Clarity eventually came when we realized that the local language often refers to a woman as a wife from the moment of engagement. Even though they are not living together and there hasn’t been a wedding, she is still considered officially the wife of her betrothed. My local friends were carrying this aspect of their language into English, much to my confusion. Turns out our sequential understanding of male-female romantic relationships in the West is quite different from how these things are spoken of in Central Asia. But their way of doing things probably has stronger precedent than ours, going all the way back to the time of the patriarchs and even Hammurabi!

Another linguistic surprise was how families would speak of brides. An elderly man once told me that he had four brides, one of them new. But it wasn’t polygymy that was going on. Sometimes that does happen among our people group, leading to this very un-Islamic but honest experience-based proverb: A man with two wives is a man with a liver full of holes (i.e. he leads a painful life). However, in this situation, this man’s son had just gotten married. In the communal (rather than individualistic) thinking of this man, the brides who married his sons were obviously the family’s brides. He could even accurately say they were his brides. The mother-in-law could say this also. It is said in the West that you don’t just marry an individual, you also marry their family.
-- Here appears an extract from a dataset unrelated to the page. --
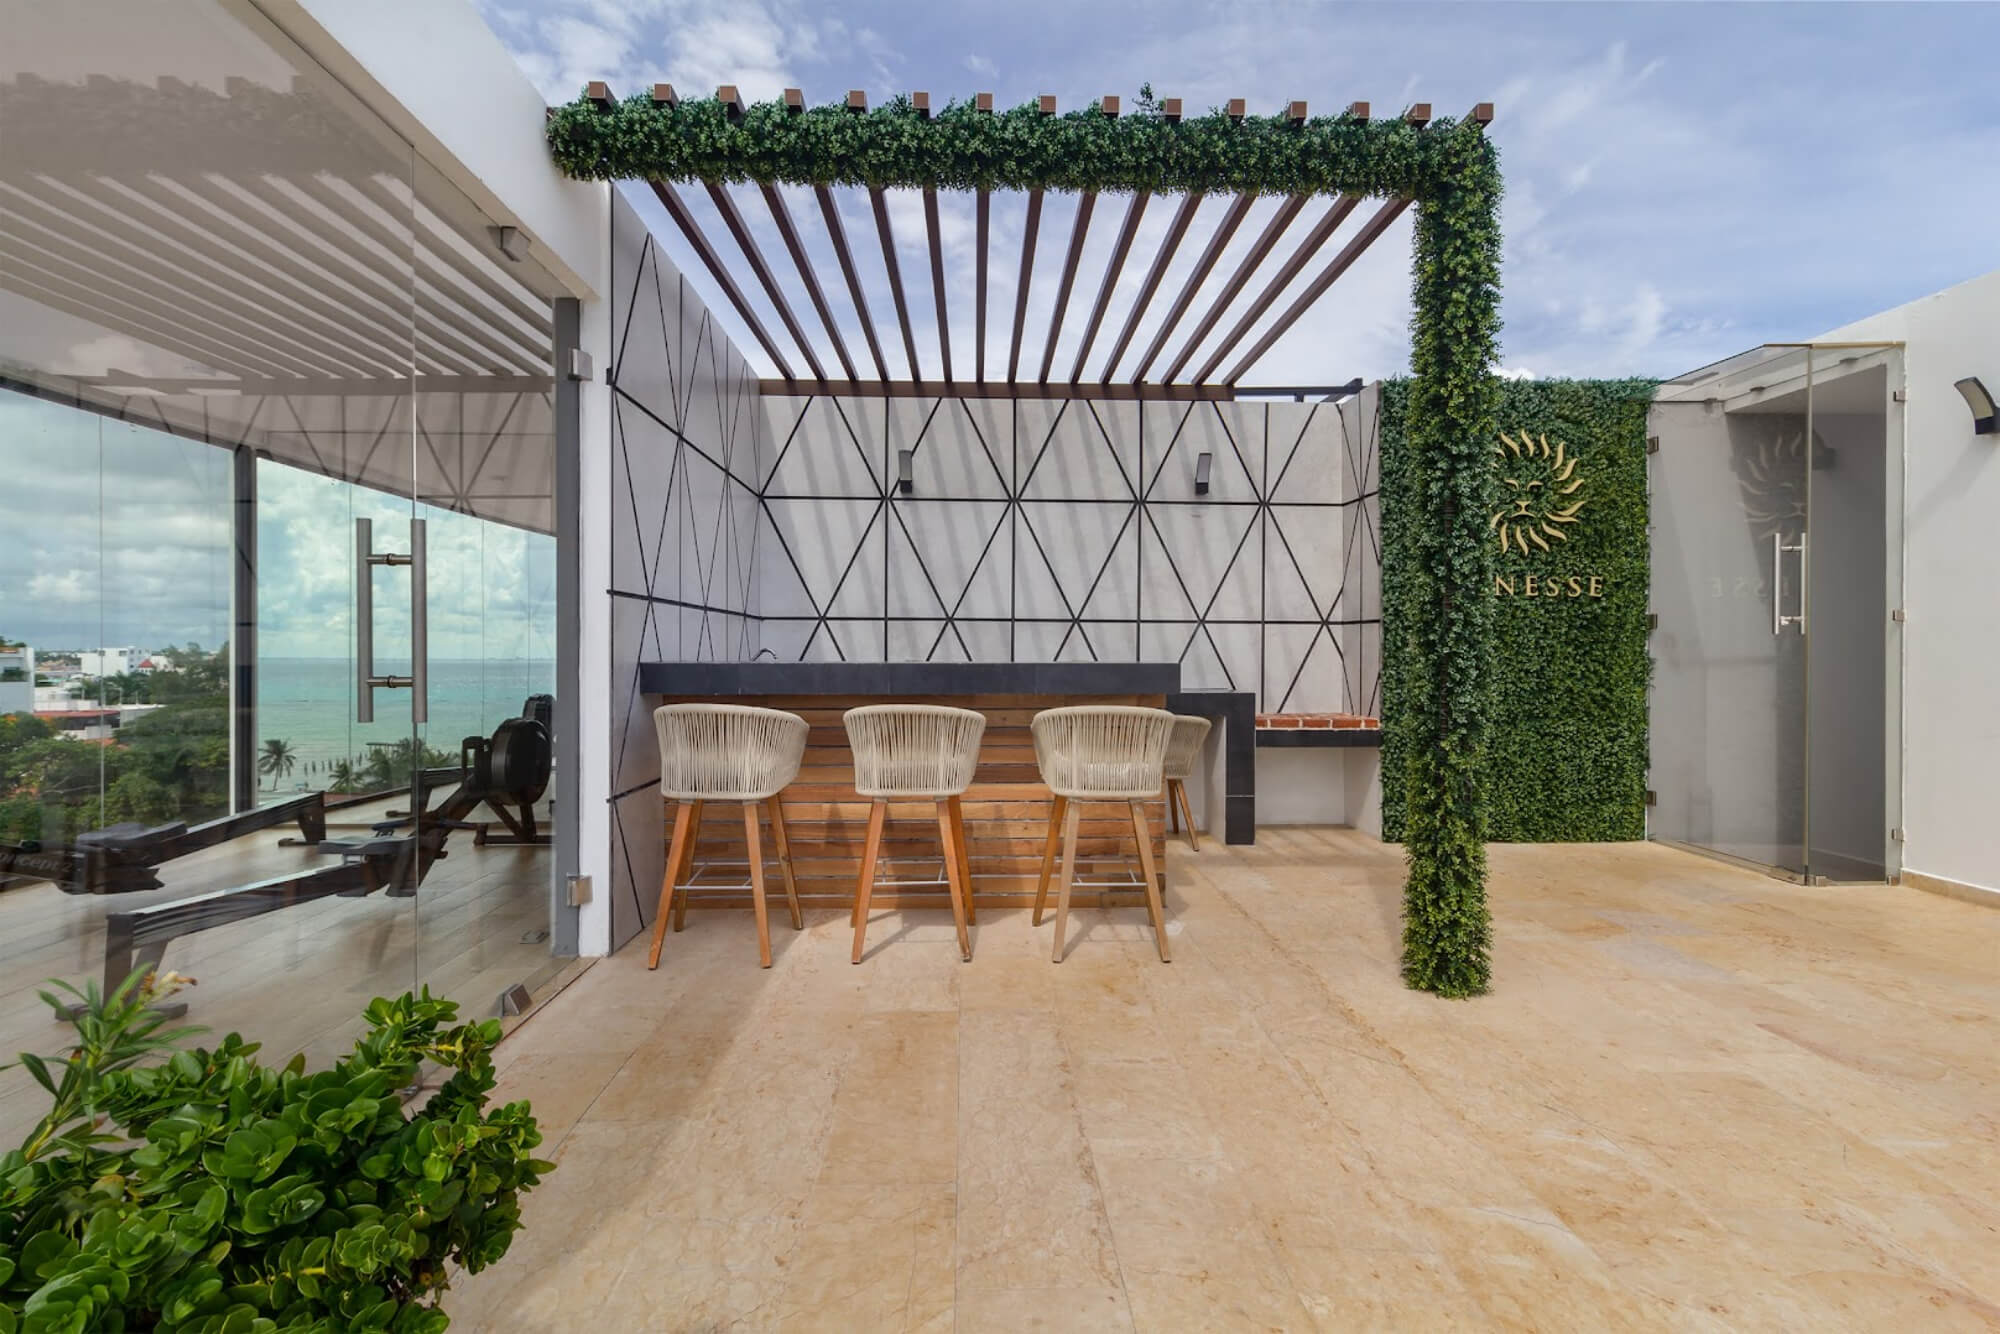 Departamento con terraza, espacios amplios, cuarto de servicio, Playa del Carmen

Well, in the Middle East and Central Asia, that concept has been taken to a whole new level and is communicated even by the languages themselves as they speak about who the brides belong to.

After a successful proposal, a man in the West might say, “This is my fiance and my future bride.” In Central Asia, during the same stage you’re just as likely to hear him say, “This is my wife and our bride. Want to come to the wedding in six months?”